Nella saldatura a onda, l’elemento che soffre maggiormente le conseguenze del calore e che può risentire degli effetti deleteri dell’espulsione della condensa umida è il PCB, perché entra fisicamente in contatto con l’onda di lega saldante fusa, tuttavia va considerato un aspetto: diversamente dal reflow soldering compiuto nel forno a rifusione, è una sola faccia del PCB ad essere investita dal calore, mentre l’altra è alla temperatura dell’ambiente di produzione.

MSD e saldatura manuale

La migliore tecnica di saldatura sotto l’aspetto della sensibilità degli MSD è quella manuale, almeno per i PCB (perché i componenti soffrono ugualmente) quindi richiede poca preparazione; per manuale si intende ogni forma di saldatura per montaggio o rework eseguita con tecniche manuali o semiautomatiche, mediante strumenti che vanno dal comune saldatore a stilo alla hot-air station, fino alle macchine da banco di reflow soldering per rework che consentono la saldatura selettiva. Sicuramente la tecnica che non impatta a livello MSD è la saldatura mediante saldatore a stilo, perché riscalda reoforo e piazzola e pertanto ha un effetto localizzato; meno “indolore” è la saldatura eseguita con la hot-air station, perché in questo caso si tratta di dirigere un getto d’aria calda più o meno circoscritto (bisogna scegliere opportunamente sagoma e dimensioni dell’ugello, oltre che il flusso d’aria) che scalda l’intero componente e l’aria immediatamente circostante, lasciando indenne il resto del PCB. Questo dà modo alle zone attigue di assorbire la dilatazione termica e all’umidità di liberarsi a pressione minore, perché vi sono più vie di fuga a fronte di una quantità minima. Tuttavia, se è vero che l’utilizzo del getto d’aria calda preserva maggiormente il PCB, si deve considerare che senza un riscaldamento del lato inferiore della scheda occorrerà insistere maggiormente sul componente da saldare o ritrattare, con l’effetto che magari non si guasta per effetto dell’espulsione dell’umidità ma per il surriscaldamento del semiconduttore.

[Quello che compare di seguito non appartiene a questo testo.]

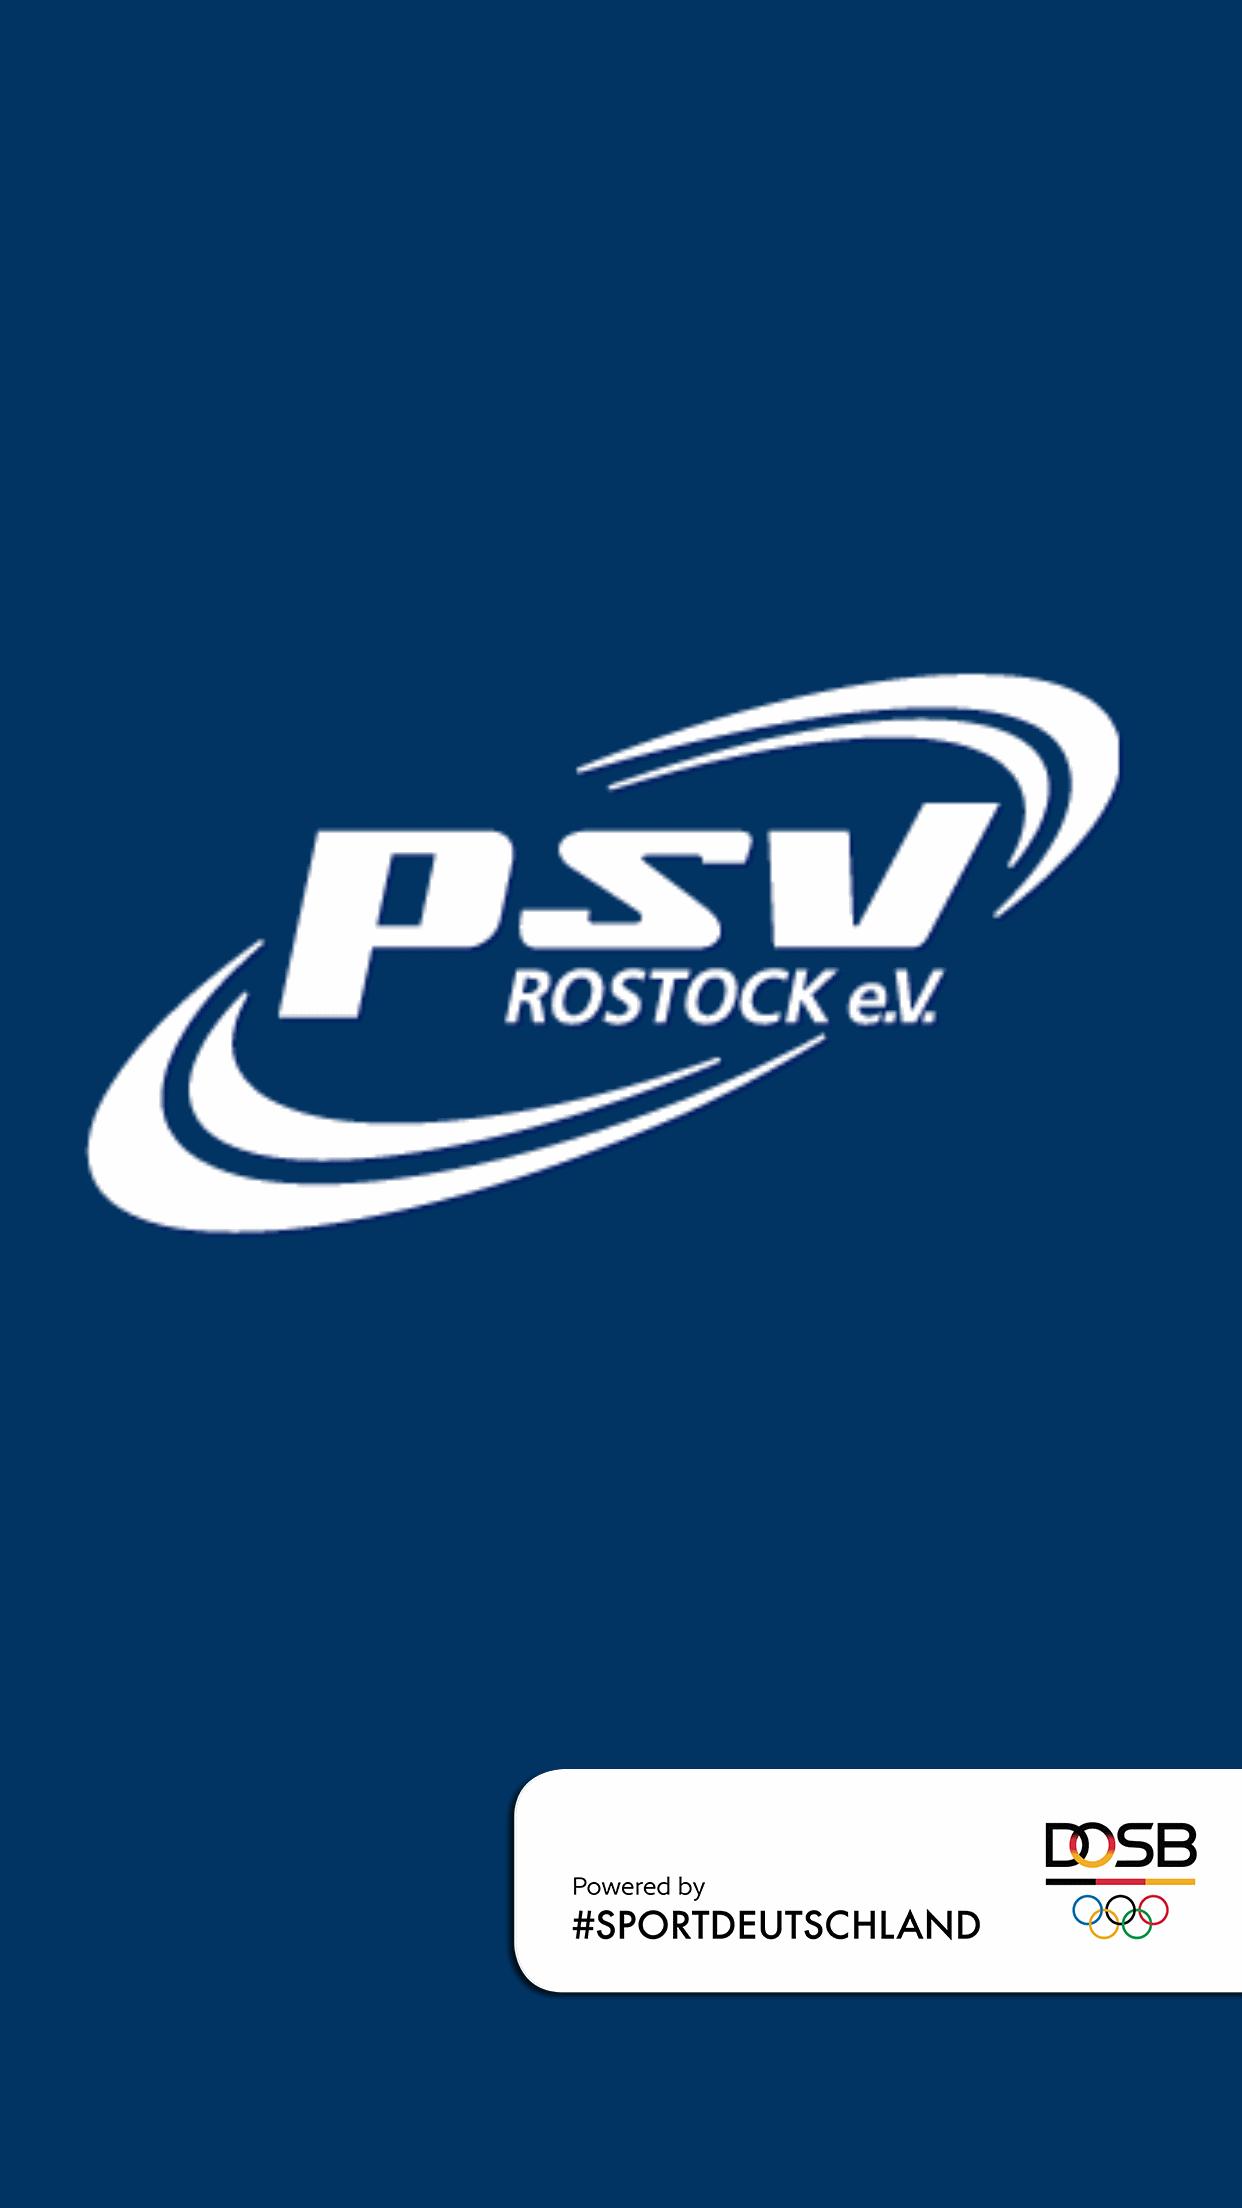 https://cdn.appack.de/Polizeisportverein-Rostock/metadata/ios_splasscreen_1242x2208.png

Similmente si potrebbe dire della saldatura a rifusione effettuata mediante macchine da reflow soldering manuale o semiautomatico basate su riscaldatore ad aria con ugello di dimensioni calibrate: in questo caso, scegliendo opportunamente il gradiente di crescita della temperatura del letto riscaldato è possibile dare tempo all’eventuale umidità assorbita dal PCB di uscire senza danno; il getto d’aria calda (inferiore e superiore) purtroppo può essere l’elemento più critico, perché di solito, a meno di non poterlo modulare, esce a temperatura fissa e più alta di quella target di fusione della lega saldante.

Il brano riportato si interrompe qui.